## AIM OF THE TASK
Copy out the data that comes next, character for character, and leave the images aside.

## INFORMATION PROVIDED
○ ○ ○ ○

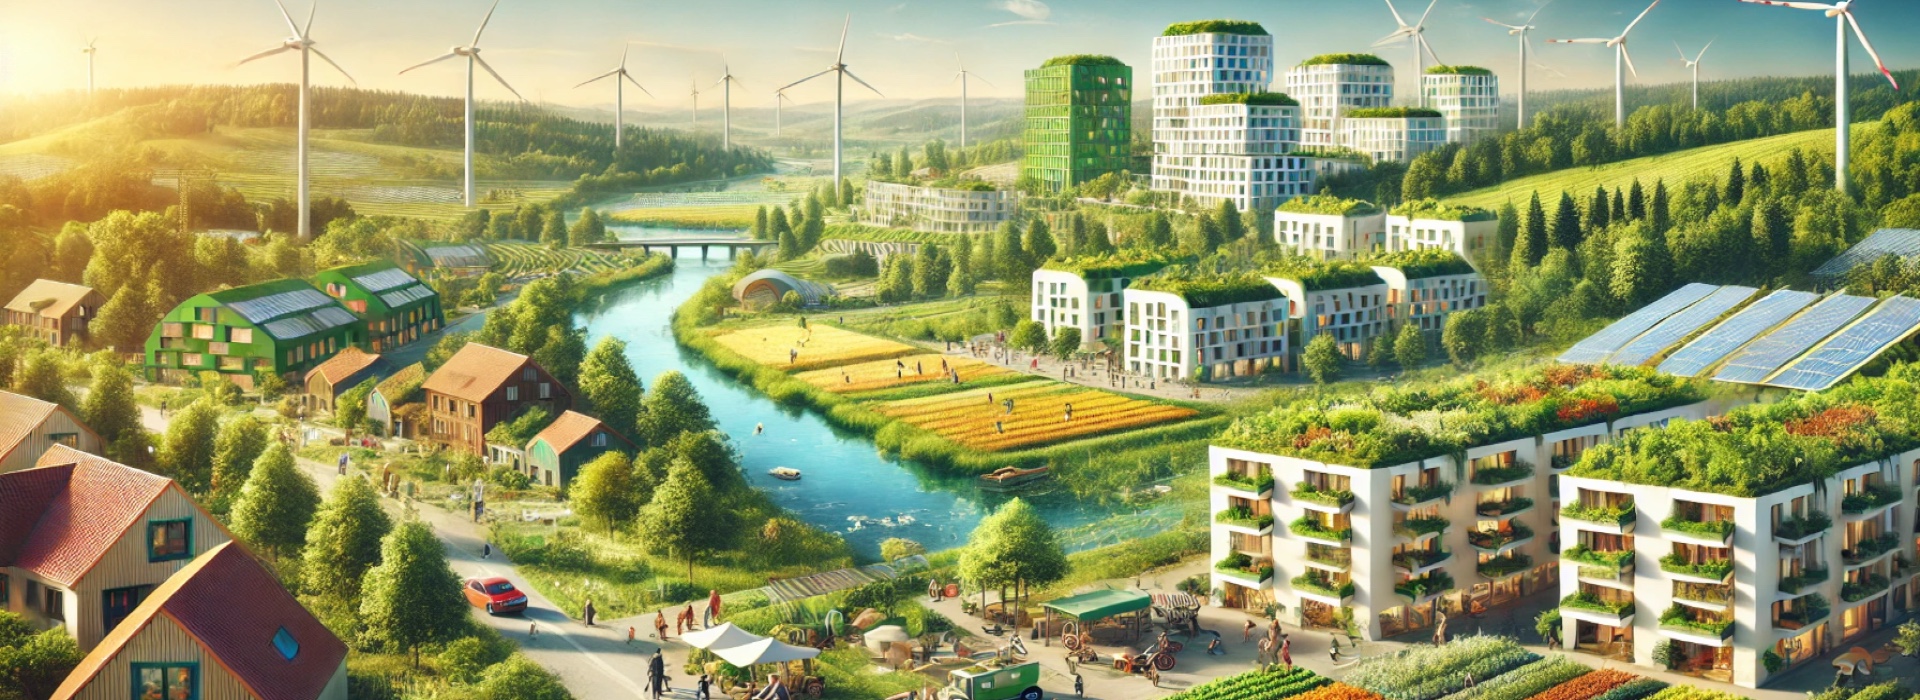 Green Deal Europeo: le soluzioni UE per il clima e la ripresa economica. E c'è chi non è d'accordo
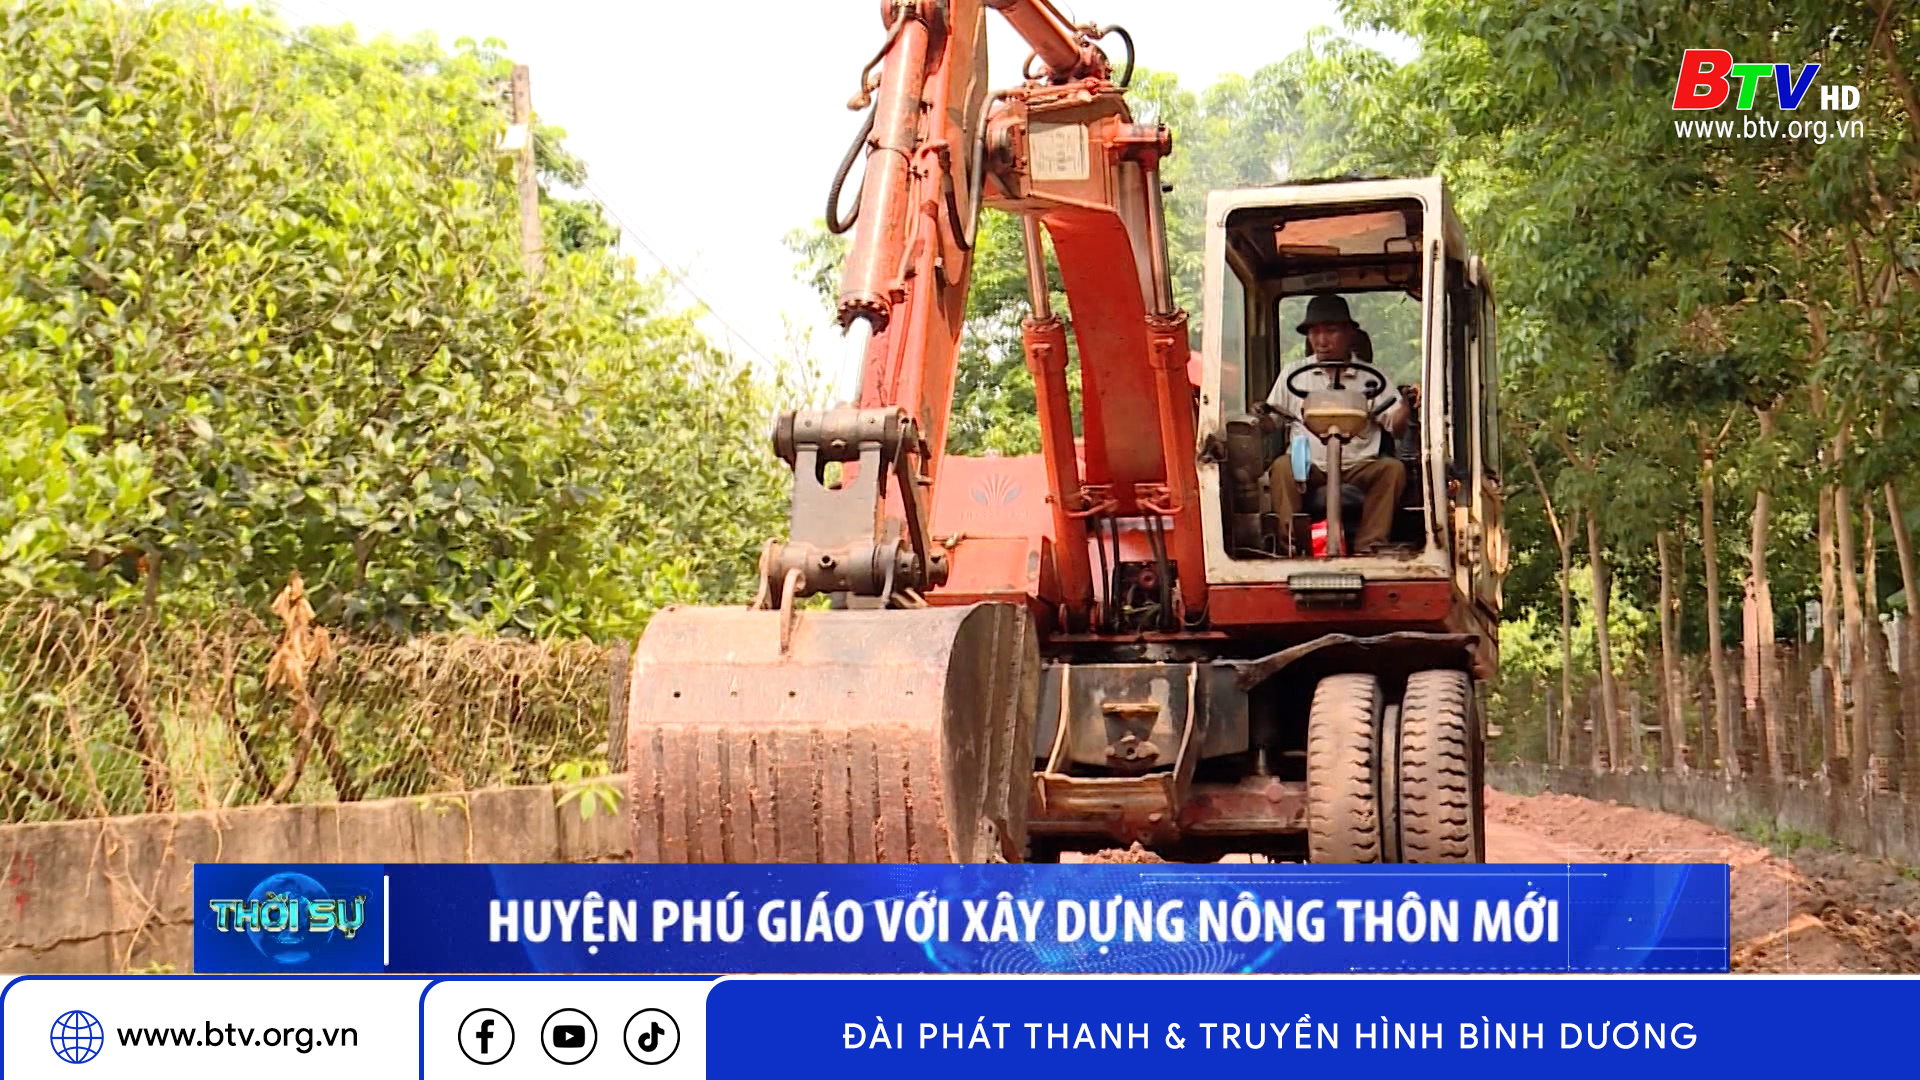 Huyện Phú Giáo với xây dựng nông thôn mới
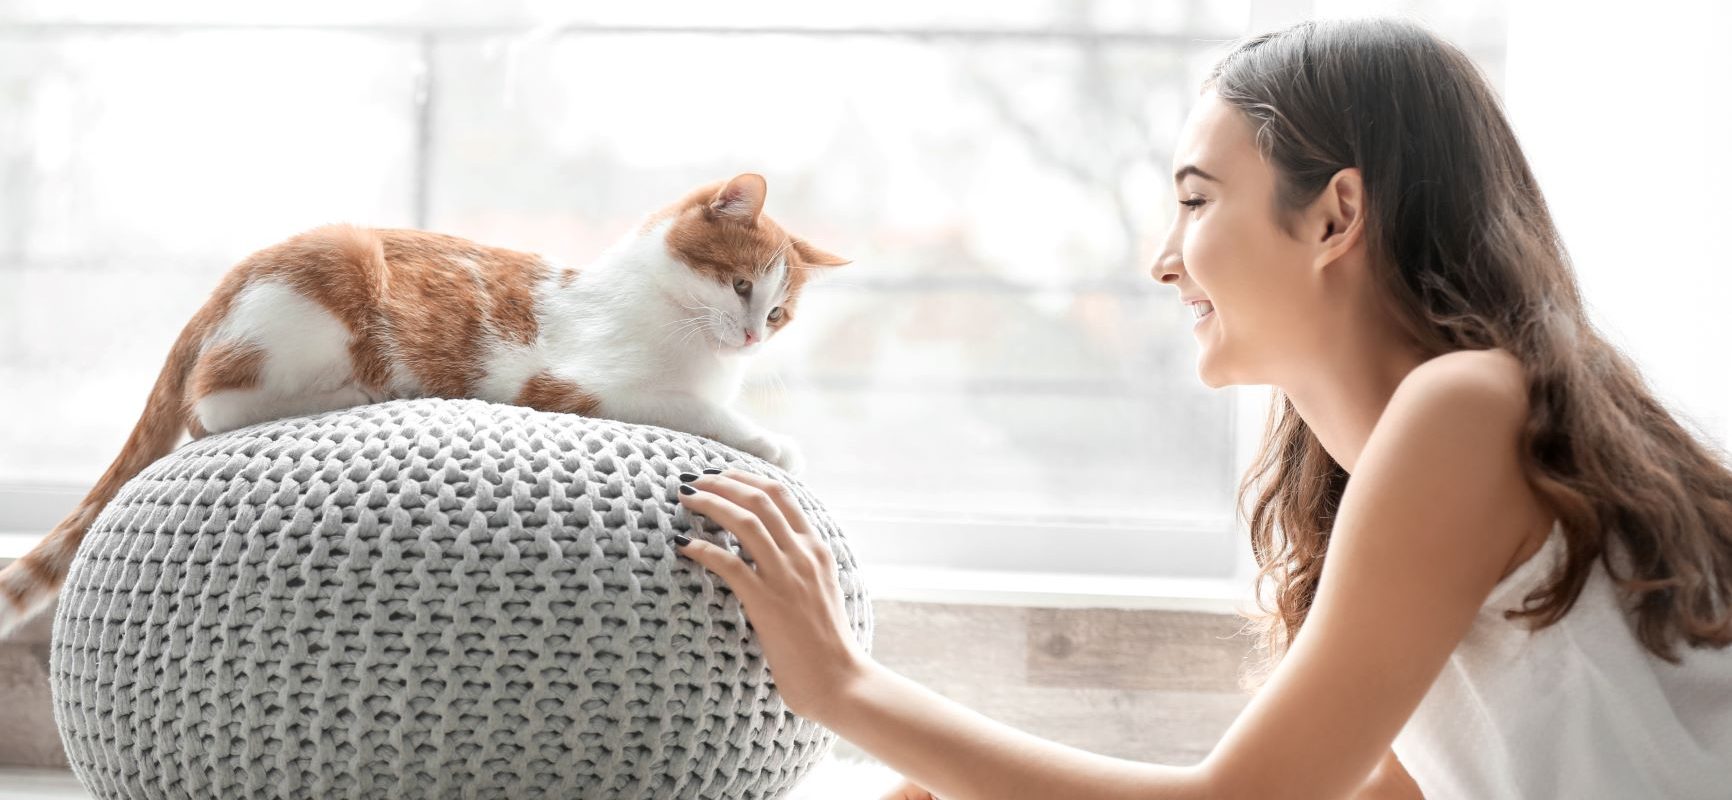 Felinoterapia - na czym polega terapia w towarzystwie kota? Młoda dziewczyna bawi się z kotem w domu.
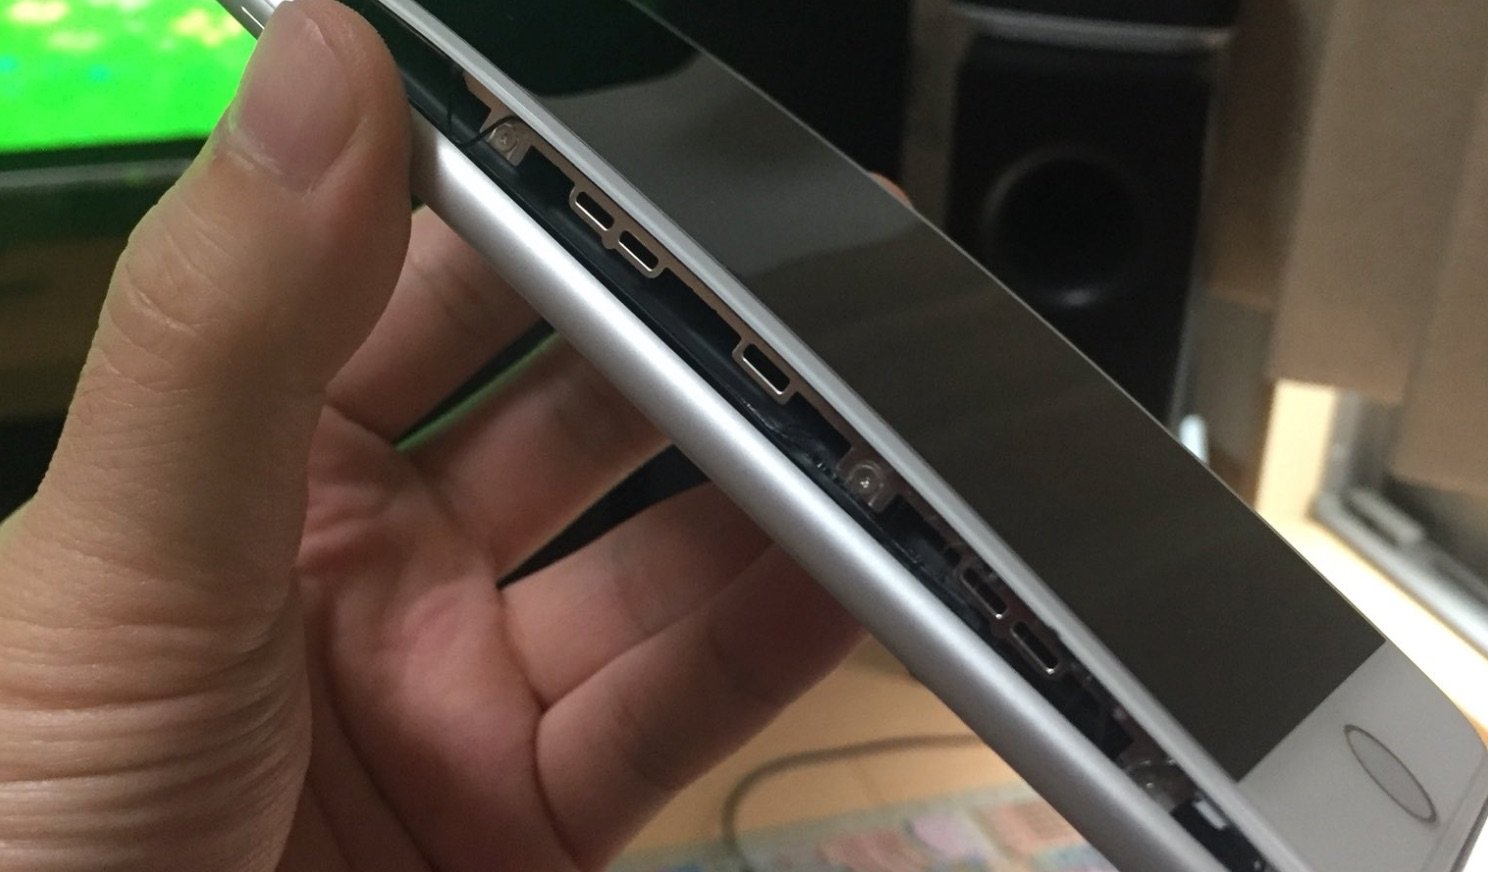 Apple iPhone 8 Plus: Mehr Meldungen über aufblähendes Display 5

○ ○ ○ ○

## WORKED SOLUTION
 Green Deal Europeo: le soluzioni UE per il clima e la ripresa economica. E c'è chi non è d'accordo
 Huyện Phú Giáo với xây dựng nông thôn mới
 Felinoterapia - na czym polega terapia w towarzystwie kota? Młoda dziewczyna bawi się z kotem w domu.
 Apple iPhone 8 Plus: Mehr Meldungen über aufblähendes Display 5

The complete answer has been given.